Why tech giants shouldn’t be responsible for creating addictive platforms

While social media companies are criminals in many ways that haven’t done nearly enough to protect children on their platforms, they still shouldn’t be held accountable based on claims that they create addictive and dangerous places online.
Last week, a trial began in Los Angeles Superior Court in a lawsuit filed by a woman, referred to in articles by Kaley GM, against tech giants YouTube and Instagram. (TikTok stayed with him before). The complainant says that these forums are designed in such a way as to make children addicted. His is just one of more than 2,500 cases now pending stemming from a variety of legal claims against some of the world’s biggest companies.
At the heart of these lawsuits is that internet and social media companies, including those owned by Meta and Google, should be held accountable on the same theory popularly used against Big Tobacco: that the brands intentionally create an addictive product. But the analogy fails for one simple reason. Internet and social media companies engage in speech, which is protected by the First Amendment, while no constitutional right is involved in regulating tobacco and other tobacco products.
Lawsuits against social media companies say they design platforms in a way that keeps kids engaged for long periods of time and keeps them coming back for hours on end. But you can say that about all kinds of media. Books, including those for children, are often written with stone crosses at the end of each chapter for people to read. Television series do the same, encouraging people to keep watching or “binge” for as long as they can. Video games are apparently designed to keep people, including children, playing late into the night.
Algorithms are speech
Holding any media company liable for the content of its speech raises serious First Amendment issues. Plaintiffs in the suits say the algorithms are designed and manipulated by individual users to keep them stuck. But algorithms are themselves a form of speech and there is no reason to treat this speech any differently than TV scripts or novels or the code that makes video games work. As Supreme Court Justice Elena Kagan wrote in a 2024 opinion, “The First Amendment …
The decision of the Supreme Court in the case of Brown v. Entertainment Merchants Association (2012) is relevant here. The case involved the invalidity of a California law that made it a crime to sell or rent violent video games to those under 18 without parental consent. The Supreme Court, in an opinion by Justice Antonin Scalia, declared the California law unconstitutional. Initially, the court rejected the argument that there was little constitutional protection because the law was designed to protect children.
The court instead declared that “children have a fundamental right to First Amendment protection, and only in limited and well-defined circumstances may the government prevent the public distribution of material protected against them.”
California asserted that playing violent video games has a negative effect on children, predisposing them to violent acts. However, the court rejected this argument and emphasized the heavy burden of proof of causation that must be met in regulating speech.

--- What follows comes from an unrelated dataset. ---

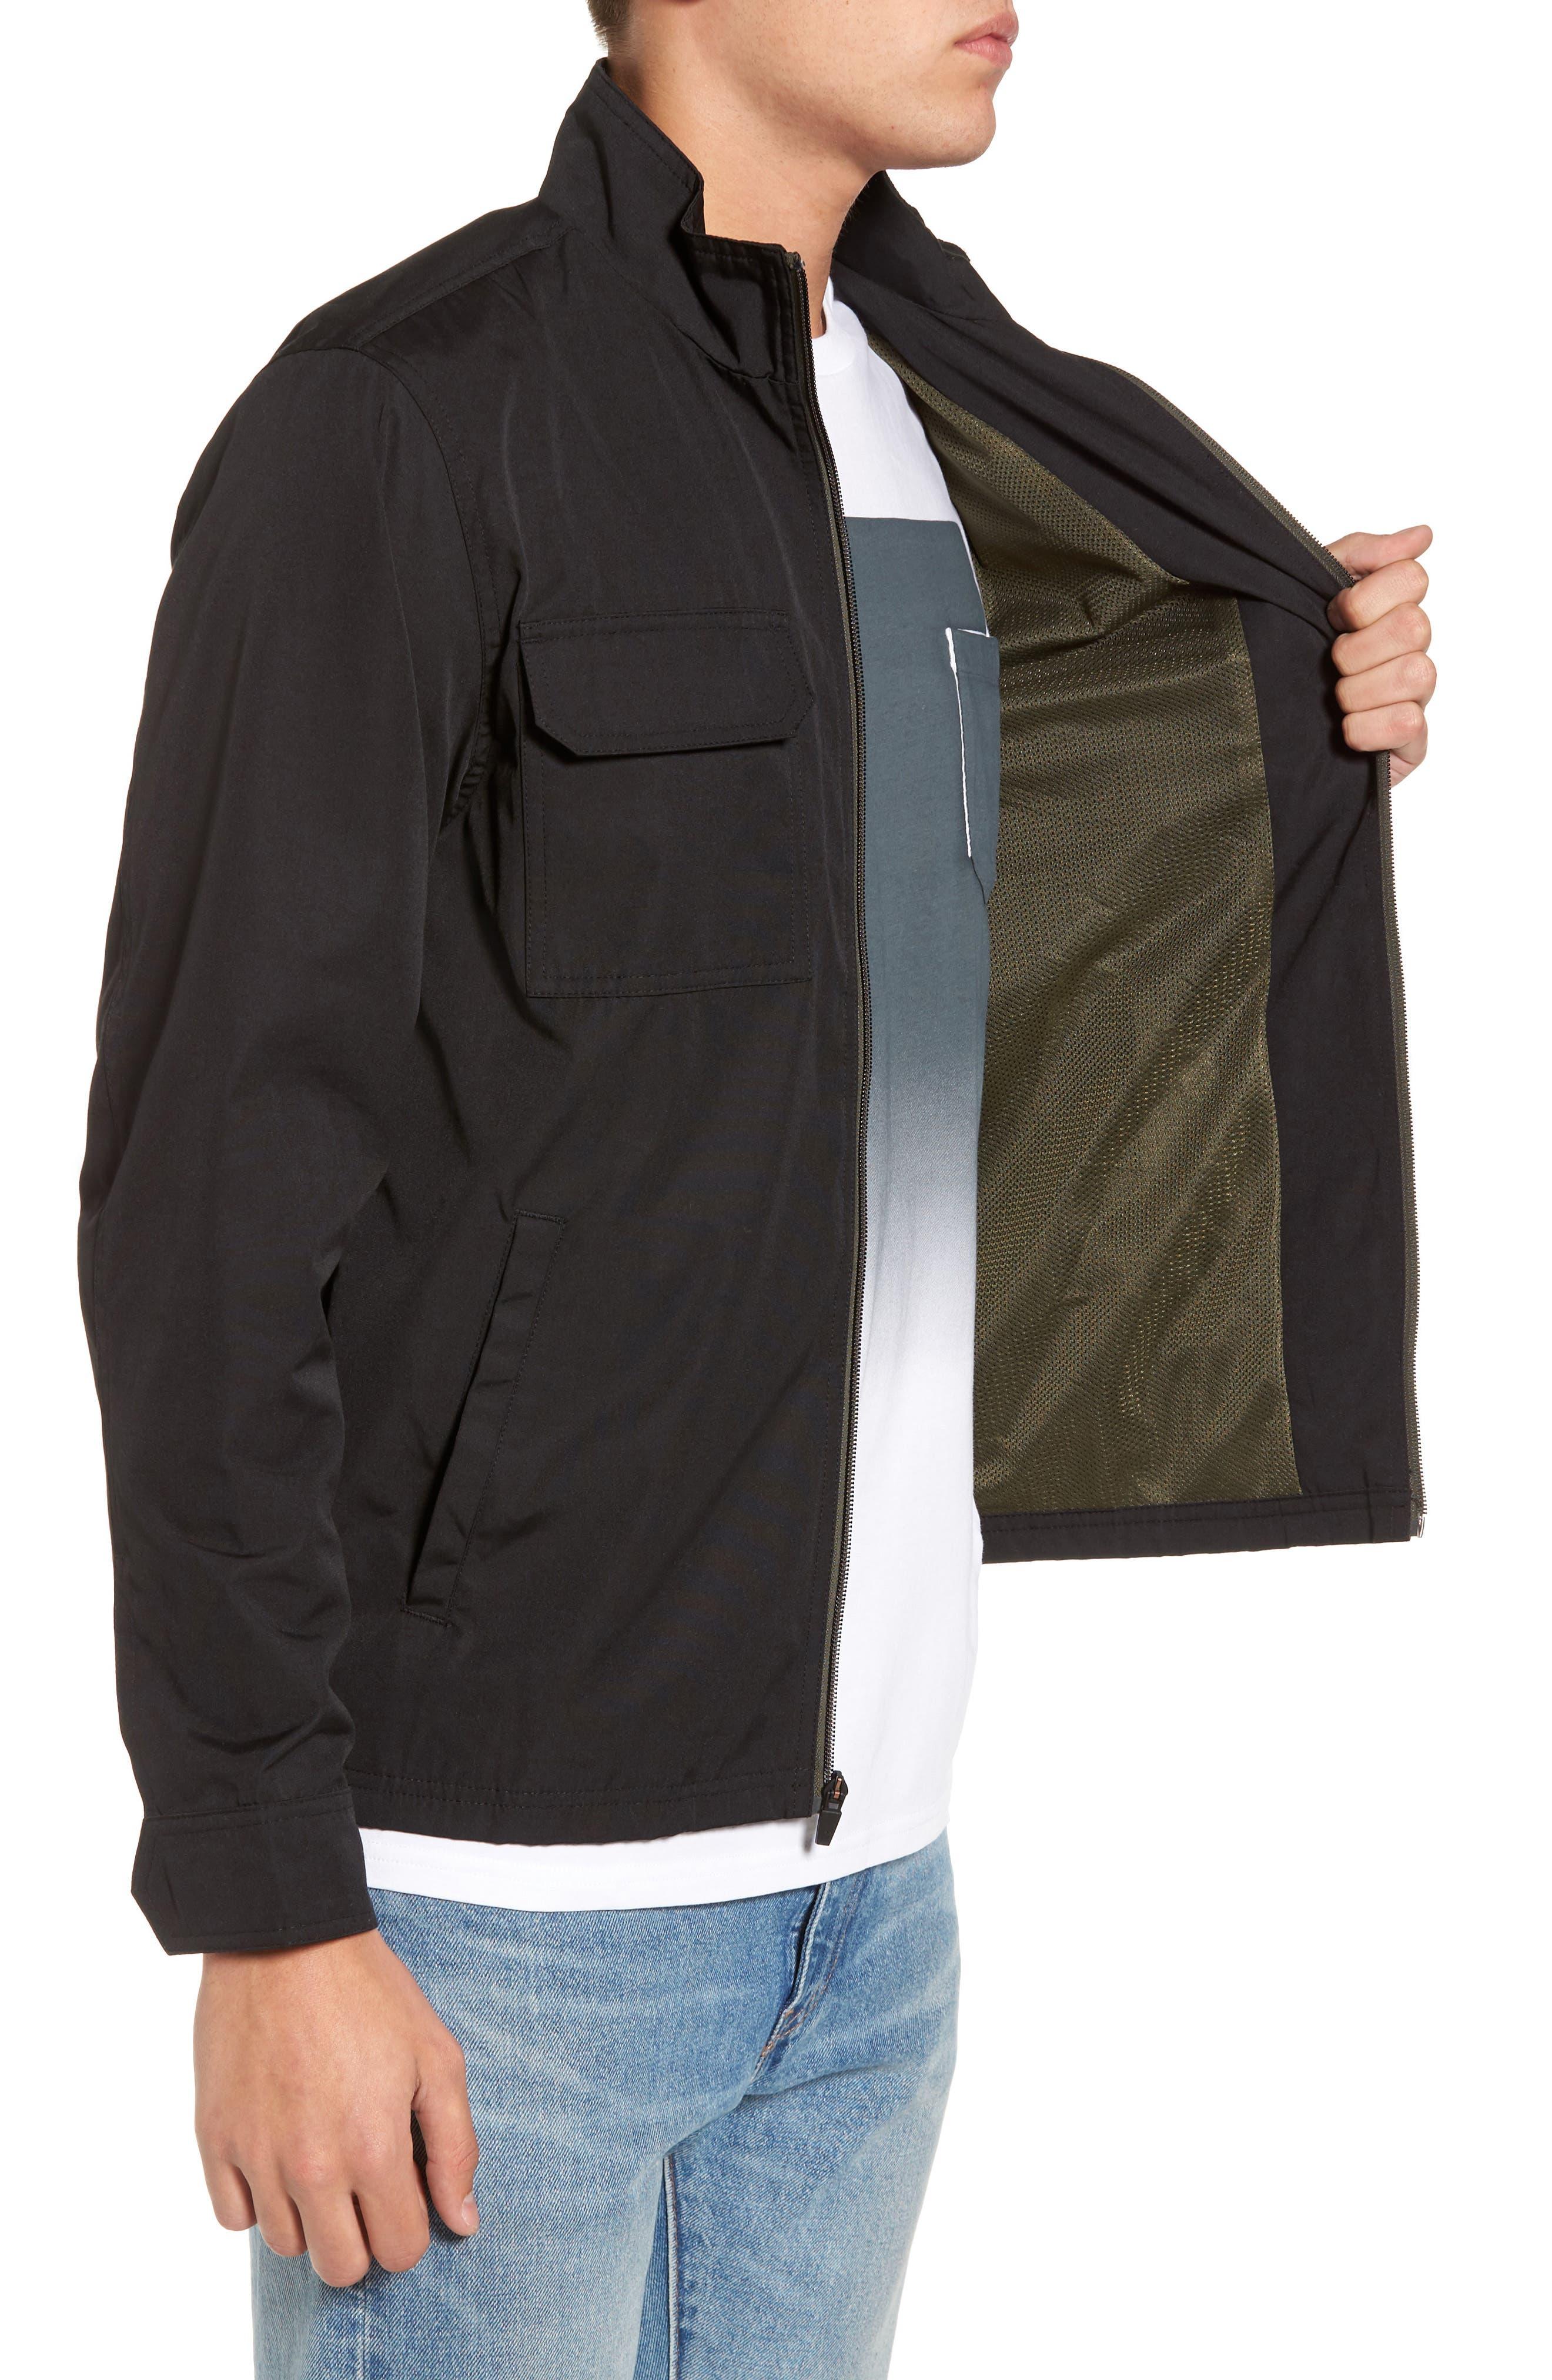 Staple Jacket,                             Alternate thumbnail 3, color,                             002

Scalia, writing for the majority, concluded, “California cannot unite [strict scrutiny.] At the outset, it admits it cannot demonstrate a direct causal link between violent video games and child injury. … The State’s evidence is not compelling. … They show very well some correlation between exposure to violent entertainment and small real-world outcomes, such as children feeling aggressive or making more noise minutes after playing a violent game than after playing a non-violent game.”
The court concluded that the government could not prove the necessary causation to hold video game companies liable for their content. The same, of course, is true of the Internet and social media companies, each of which is a different communication platform.
But, as the Supreme Court saw in Packingham v. North Carolina (2017), social media are “primary sources for learning about current events, checking job ads, speaking and listening in the modern public space, and exploring many areas of human thought and experience.” The Court emphatically concluded that it “must be very cautious before suggesting that the First Amendment provides little protection for access to such large networks.”
Technology is not a cigarette
There are other legal barriers to holding internet and social media companies accountable for creating addictive and dangerous online environments for children. Section 230 of the Communications Decency Act provides that these platforms cannot be held liable for content posted on their sites, whether that includes content to be uploaded or to be taken down. Pending lawsuits against Internet and social media companies cannot overcome this assertion.
None of this is to deny how some children are harmed by time spent on social media. There is research that shows that the use of platforms is related to depression, self-esteem and bullying. There are also studies showing that playing violent video games can be linked to antisocial behavior. The solution is not to restrict speech or to hold those responsible for it. Finally, parents need to make careful decisions about when and how they allow their children to participate in social media. Meanwhile, these tech giants should be more careful about things aimed at children.
Ultimately, it will be up to the Supreme Court, not a judge in Los Angeles Superior Court, to decide whether social media companies can be held liable on these grounds. The answer is obvious: Social media is speech, cigarettes are not and that makes a difference.
Erwin Chemerinsky is dean of UC Berkeley Law School. ©2026 Los Angeles Times. Distributed by Tribune Content Agency.